Today I replaced a big cable that was so far out of alignment it was a hazard, I'm sure it was a way out of alignment cable just like this that twisted the big leader off this torrey that triggered my being consulted to evaluate these trees a year ago.








Now that cable is so out of alignment it's shocking!

jomoco


----------



## jomoco (Jan 28, 2009)

Now here's a shot of where that misaligned cable went.







Look closely and you'll see that the other eyebolt is also out of alignment in the opposite direction!

High wind must've twisted the sap out of those big leaders!

Vids of my replacement cable next.

jomoco


----------



## treevet (Jan 28, 2009)

jomoco said:


> Treevet, my cable grips are manufactured by Preformed Products of Cleveland Ohio, and yes they are ehs. All my eyebolts are Chicago Drop Forged.
> 
> 
> jomoco



The link mentioned prior to your post, an article by Mark Adams, details the history of preformed tree grip dead ends with the company that mfctrs. your parts Preformed Line Products, Cleveland Ohio, from its start after WWII to 1978 when they produced them at the request of Davey Tree. They were previously made for many different applications. 

It mentions that the cable grip dead ends can be used with common grade and that when they are, they are stronger than the cable itself. It does not mention the strength relative to the EHS cable (strand) but I would venture a guess that the EHS may be stronger than the dead end. I will check further. At any rate.....

It makes little or no sense to use common grade when the EHS is so much stronger and the dead ends are stronger and a smaller, lighter, better application can be used. 

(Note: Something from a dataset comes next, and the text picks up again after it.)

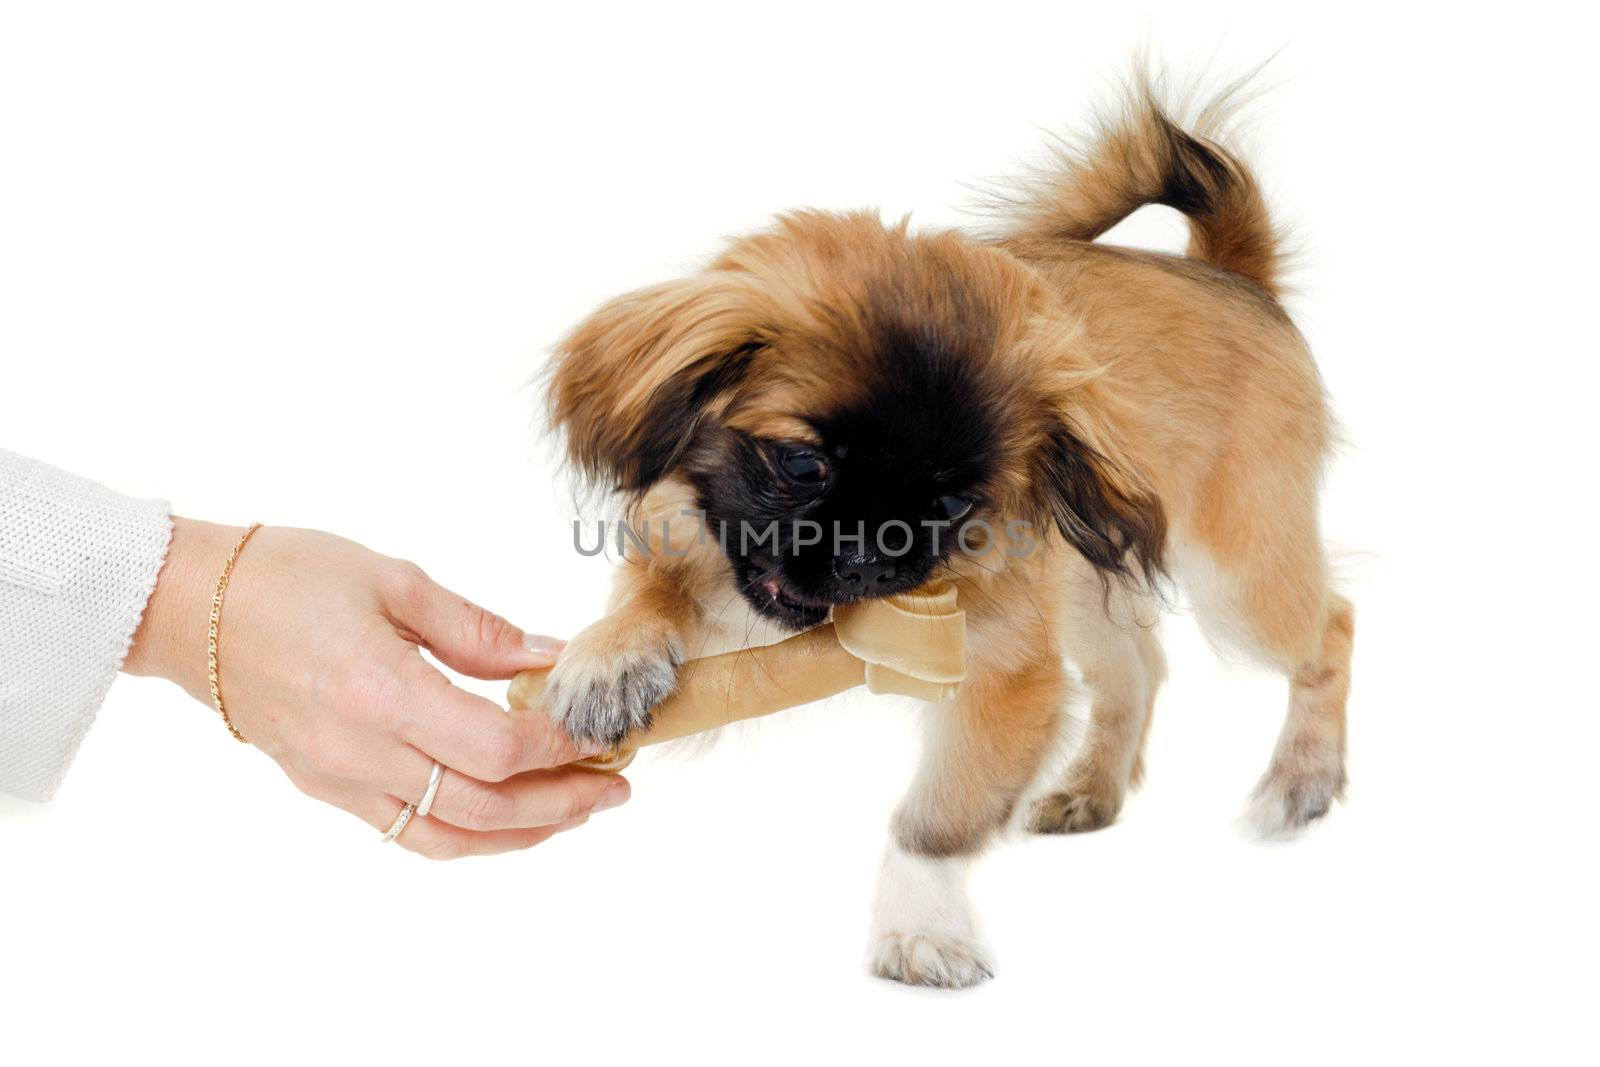 Puppy eating bone by cfoto

In the history it mentions that from the beginning resistance was given from the industry as the installation of a well spliced cable end was considered a sign of professionalism. I personally can attest to that as I learned to cable in 1969.


----------



## treevet (Jan 28, 2009)

In those pictures the eye should be backed to the stem. Besides being out of alignment, the exposed shaft has potential for failure by bending. That can happen when a person depends on the eyebolt to give the tension and they over estimate the revolutions it will take to get it. If you are not real good at it, better to set the eyes and then torque the cable with choker, come a long, cable grip.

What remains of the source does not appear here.